En este trabajo se propone un sistema de planificación que utiliza técnicas de
computación evolutiva para permitir la definición de políticas de planificación de
manera más natural y estimar las necesidades reales de recursos para lograr planificaciones
más precisas. Adicionalmente, se considera el concepto de calidad de
servicio percibida, posibilitando la incorporación de criterios subjetivos en el proceso
de planificación para mantener un alto nivel de satisfacción en el conjunto
de usuarios y en el propio centro de supercomputación. Finalmente, se modelan
diversos aspectos de los propios recursos computacionales mejorando aún más la
precisión en la planificación, especialmente en sistemas heterogéneos.[Abstract]In the context of a supercomputing center, no matter what its computational resources
are, the demand will always be higher. Therefore, users must send their jobs
to a queue, where they are put on hold until the scheduler decides to execute them.

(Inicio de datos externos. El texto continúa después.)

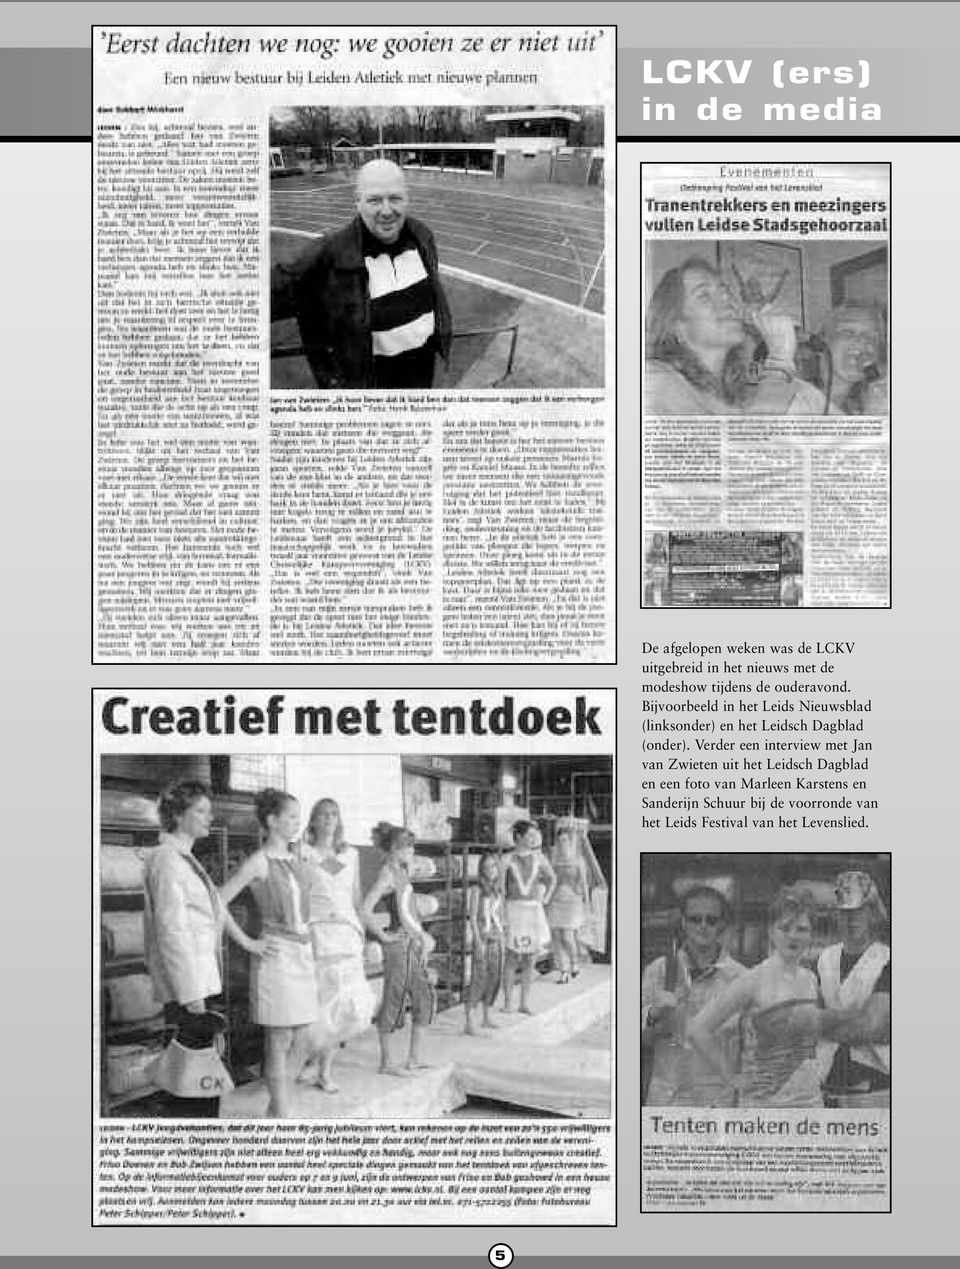 Bijvoorbeeld in het Leids Nieuwsblad (linksonder) en het Leidsch Dagblad (onder).

But, through ignorance or fear that jobs are aborted, these requests are usually very
imprecise, hindering the performance of the scheduler. In addition, schedulers are
difficult to configure and they assume that a given scheduling will satisfy equally
to all users at all times.
This thesis proposes a scheduler for high performance computing systems based
on evolutionary computation techniques to allow the definition of scheduling policies
more naturally and to estimate the real needs of resources in order to achieve
more accurate schedules. Additionally, the concept of perceived quality of service
is considered, enabling the incorporation of subjective criteria in the scheduling
process to maintain a high level of satisfaction in the set of users and in the supercomputing
center itself. Finally, various aspects of the computational resources are
modeled to further improving accuracy in scheduling, especially in heterogeneous
systems.[Resumo]No contexto dun centro de supercomputación, por moi elevados que sexan os
recursos, a demanda será sempre superior. Por elo, os usuarios deben realizar solicitudes
para a execución dos seus traballos, que se poñen en espera ata que o
planificador do sistema decide pasalos a execución. Pero, por descoñecemento ou
temor a que os traballos sexan abortados, estas solicitudes son normalmente moi
imprecisas, dificultando o labor do planificador. Ademais, os planificadores son difíciles
de configurar e en todo momento asumen que unha planificación dada vai
satisfacer de igual maneira a todos os usuarios.
Neste traballo proponse un sistema de planificación que utiliza técnicas de computación
evolutiva para permitir a definición de políticas de planificación de maneira
máis natural e estimar as necesidades reais de recursos para lograr planificacións
máis precisas. Adicionalmente, considérase o concepto de calidade de servizo percibida,
posibilitando a incorporación de criterios subxectivos no proceso de planificación
para manter un alto nivel de satisfacción no conxunto de usuarios e no propio
centro de supercomputación. Finalmente, se modelan diversos aspectos dos propios
recursos computacionáis mellorando aínda máis a precisión na planificación,
especialmente en sistemas heteroxéneos